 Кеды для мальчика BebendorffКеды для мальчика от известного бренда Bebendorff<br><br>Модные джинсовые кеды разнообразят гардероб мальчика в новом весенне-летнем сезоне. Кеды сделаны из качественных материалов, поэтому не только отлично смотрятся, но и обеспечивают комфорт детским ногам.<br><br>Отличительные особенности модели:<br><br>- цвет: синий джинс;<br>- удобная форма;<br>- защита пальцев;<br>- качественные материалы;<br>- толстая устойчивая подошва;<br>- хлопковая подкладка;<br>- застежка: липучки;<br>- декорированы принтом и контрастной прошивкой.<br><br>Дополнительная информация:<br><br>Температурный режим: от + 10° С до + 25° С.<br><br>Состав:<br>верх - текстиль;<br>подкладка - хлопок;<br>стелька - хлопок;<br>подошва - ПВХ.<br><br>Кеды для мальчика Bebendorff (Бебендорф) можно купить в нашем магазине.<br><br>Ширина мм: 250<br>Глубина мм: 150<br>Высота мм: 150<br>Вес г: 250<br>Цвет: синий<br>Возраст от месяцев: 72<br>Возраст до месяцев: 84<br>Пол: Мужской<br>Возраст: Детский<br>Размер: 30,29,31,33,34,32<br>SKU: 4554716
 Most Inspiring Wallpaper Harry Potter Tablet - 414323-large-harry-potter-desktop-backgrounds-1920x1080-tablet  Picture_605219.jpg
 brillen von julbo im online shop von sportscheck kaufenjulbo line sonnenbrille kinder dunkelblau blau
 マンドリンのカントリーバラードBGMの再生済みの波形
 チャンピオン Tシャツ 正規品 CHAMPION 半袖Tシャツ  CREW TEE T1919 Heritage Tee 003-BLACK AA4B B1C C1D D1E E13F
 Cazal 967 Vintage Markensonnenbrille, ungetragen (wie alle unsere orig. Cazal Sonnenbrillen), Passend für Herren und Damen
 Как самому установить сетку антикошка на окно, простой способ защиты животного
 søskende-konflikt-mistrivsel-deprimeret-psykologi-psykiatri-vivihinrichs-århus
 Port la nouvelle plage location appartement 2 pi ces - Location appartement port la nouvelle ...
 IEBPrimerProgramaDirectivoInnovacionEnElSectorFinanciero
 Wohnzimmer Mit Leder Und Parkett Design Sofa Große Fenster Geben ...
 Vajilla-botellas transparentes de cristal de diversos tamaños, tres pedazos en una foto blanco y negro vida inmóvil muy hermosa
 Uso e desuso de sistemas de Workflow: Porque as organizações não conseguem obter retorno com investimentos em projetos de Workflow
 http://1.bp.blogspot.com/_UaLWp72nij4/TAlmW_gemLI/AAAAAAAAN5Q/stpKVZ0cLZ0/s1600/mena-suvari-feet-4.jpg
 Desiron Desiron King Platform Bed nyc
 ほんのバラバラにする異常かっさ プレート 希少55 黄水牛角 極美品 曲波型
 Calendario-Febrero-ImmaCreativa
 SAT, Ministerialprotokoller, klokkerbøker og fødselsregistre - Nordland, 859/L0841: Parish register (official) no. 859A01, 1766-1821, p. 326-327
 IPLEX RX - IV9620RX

--------------------------------------------------

### [WHAT THE TASK ASKS]
Please restate the records word for word. Go from the first line to the line with "Most Inspiring Wallpaper" and include both.

### [WORKED SOLUTION]
 Кеды для мальчика BebendorffКеды для мальчика от известного бренда Bebendorff<br><br>Модные джинсовые кеды разнообразят гардероб мальчика в новом весенне-летнем сезоне. Кеды сделаны из качественных материалов, поэтому не только отлично смотрятся, но и обеспечивают комфорт детским ногам.<br><br>Отличительные особенности модели:<br><br>- цвет: синий джинс;<br>- удобная форма;<br>- защита пальцев;<br>- качественные материалы;<br>- толстая устойчивая подошва;<br>- хлопковая подкладка;<br>- застежка: липучки;<br>- декорированы принтом и контрастной прошивкой.<br><br>Дополнительная информация:<br><br>Температурный режим: от + 10° С до + 25° С.<br><br>Состав:<br>верх - текстиль;<br>подкладка - хлопок;<br>стелька - хлопок;<br>подошва - ПВХ.<br><br>Кеды для мальчика Bebendorff (Бебендорф) можно купить в нашем магазине.<br><br>Ширина мм: 250<br>Глубина мм: 150<br>Высота мм: 150<br>Вес г: 250<br>Цвет: синий<br>Возраст от месяцев: 72<br>Возраст до месяцев: 84<br>Пол: Мужской<br>Возраст: Детский<br>Размер: 30,29,31,33,34,32<br>SKU: 4554716
 Most Inspiring Wallpaper Harry Potter Tablet - 414323-large-harry-potter-desktop-backgrounds-1920x1080-tablet  Picture_605219.jpg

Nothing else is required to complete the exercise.